In the 1920s and 1930s, Queen Giovanna and Princess Eudoxie also donated generously to children’s welfare centers and kitchens for the poor. The queen funded a tuberculosis preventorium, built with a gift from her wedding.Footnote 98 The attention to social diseases, children’s health, and motherhood followed a general trend during the interwar period.Footnote 99 Such regal intervention was not a coincidence: the mid-1930s were marked by increased anxiety about demographic collapse, expansion of puericulture, and adoption of various eugenic projects, which easily dovetailed with nationalist propaganda.Footnote 100 At the same time, such associational life and social engagement reproduced not only traditional gender hierarchies but also labor divisions and class distinctions.

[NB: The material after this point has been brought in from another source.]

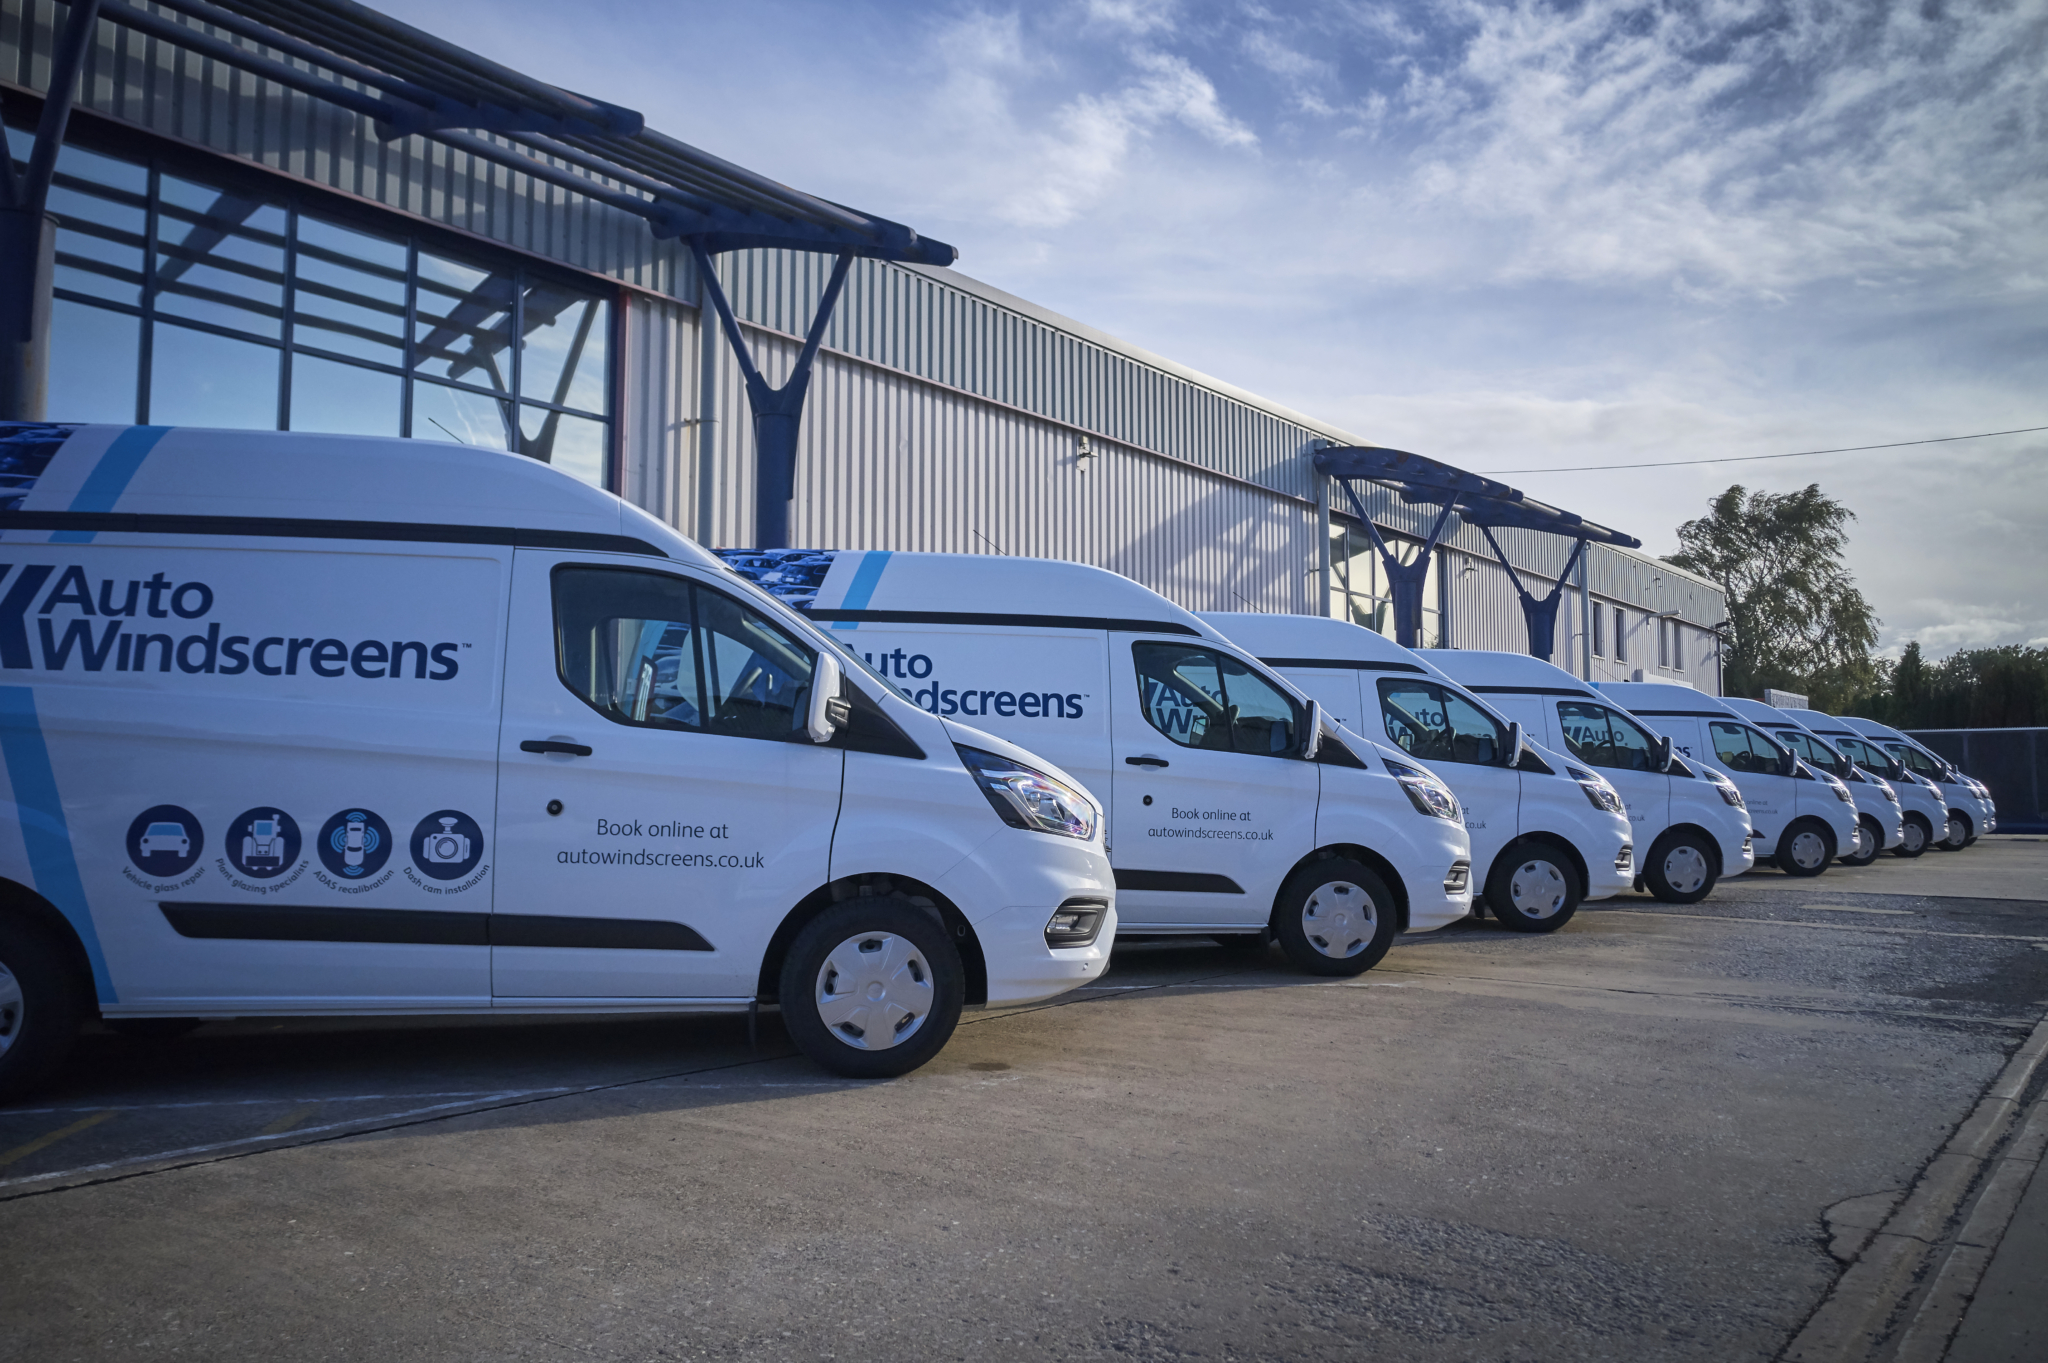 Micheldever Fleet Solutions supplies Auto Windscreens fleet tyres

In sum, gift giving, patronage, and personal visitations were dynastic practices adopted from earlier centuries, which linked warfare and welfare. Their coupling legitimized royal political power but also decoupled it from unwanted associations, such as with foreign origins. To be sure, these activities were also supported by the civic establishment because the dynasty was providing it with a sense of identity and respectability.Footnote 101 This symbiosis between the royal diadem and the voluntary sector combined responsibilities of both the “curing” and the “caring” state, and in this way easily transmitted them to the philanthropic sphere. Additionally, this intricate mix of various and fluid interests was often articulated in the traditional language of Christian charity along with a rhetoric of medical modernization. Yet, the emphasis on women’s nurturing and caregiving potentials sidelined the issues of women’s political rights and asserted neo-traditionalism, which was a right-wing project.Footnote 102 Although women’s associations were vital in linking traditional gender roles and royal patriotism through nursing, and as such facilitated the militarization of health provision and society at large, it was the national Red Cross societies that institutionally reiterated this osmosis.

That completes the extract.